The support and legs screwed in for stability (remember to select your screws carefully, so you don’t puncture the top of the plywood!), it was time to sand and coat the surface. I started with some 80- or 100-grit on an orbital sander and worked my way up to 240. Brush the dust from the surface between sandings.
Before the last sand I wiped the surface with a damp, almost wet cloth. This makes any remaining small fibers stand up from the plywood and once the surface is dry again, you can sand those away. I find this gives a smoother finish.
I used Osmo Color Wood Wax in White and Clear. I wanted an “untreated” plywood look but also a usable finish to protect the wood. That’s where the white tint comes in handy: if you just use a clear wood wax or oil, you’ll end up with a yellow tint in the birch – the kind of “oiled wood” look.
Working with the wax is easy, if you’ve sanded the surface smooth (also the sides and underneath!). I like to use a non-woven cloth, but an old t-shirt can work just as well. The trick is to add very little at a time, and to rub it in along the direction of the grain. Sometimes it’s hard to tell the grain direction in plywood, which makes it harder to get the color even. I watched the How to -videos in finnish, but I found some in english, too.

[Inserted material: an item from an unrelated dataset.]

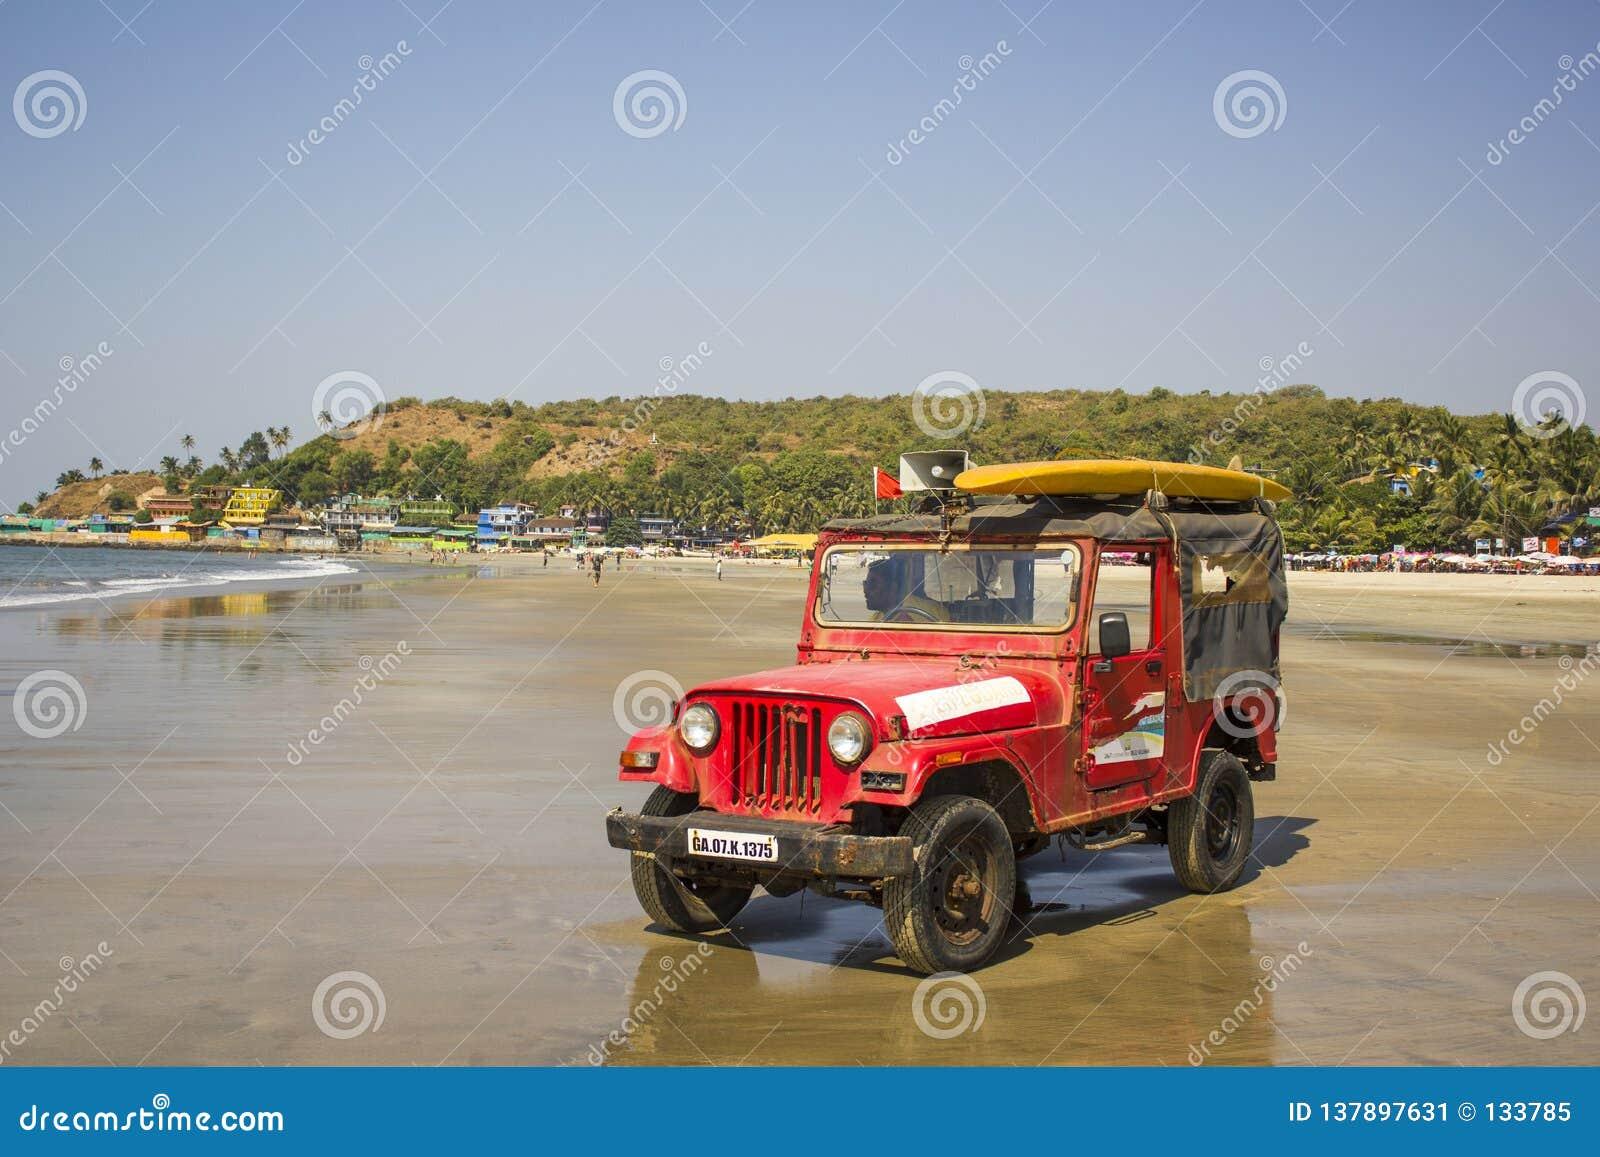 De rode reddingsauto met een luidspreker en een gele branding schepen op het dak, op een zandig strand in

Just remember: with the tinted version any and all stripes or dots visible on the surface will stay like that, if you let them dry. I like to take a fresh piece of cloth to buff the surface a few minutes after I’ve spread the coat. Thin coats are OK, you don’t need much for a good seal with this stuff!
In the top photo you can see I only did about 15-20 cm under the table – I don’t think there’ll be too many spills that get under there, so I got lazy. I venture to guess things might be different if I had kids around… If in doubt, finish the underside as well! 🙂
A thin coat dries enough to re-apply in about 4 hours or more, if it’s very humid or cold. After 2 or 3 coats of the tinted wax I’ve let it dry for a day or two before adding the clear top coat(s). Aftercare is very important: I don’t put anything on the surface for at least 24 hours after it’s finished. I also protect the surface for about a week before using it heavily, since the wax will need time to harden. The wax will protect against liquids beautifully, but the wax (or the plywood) can’t handle direct heat, so use coasters for hot things!
Here you can see the difference between finished and untreated plywood. On this table I did 2 white coats and 1 top coat.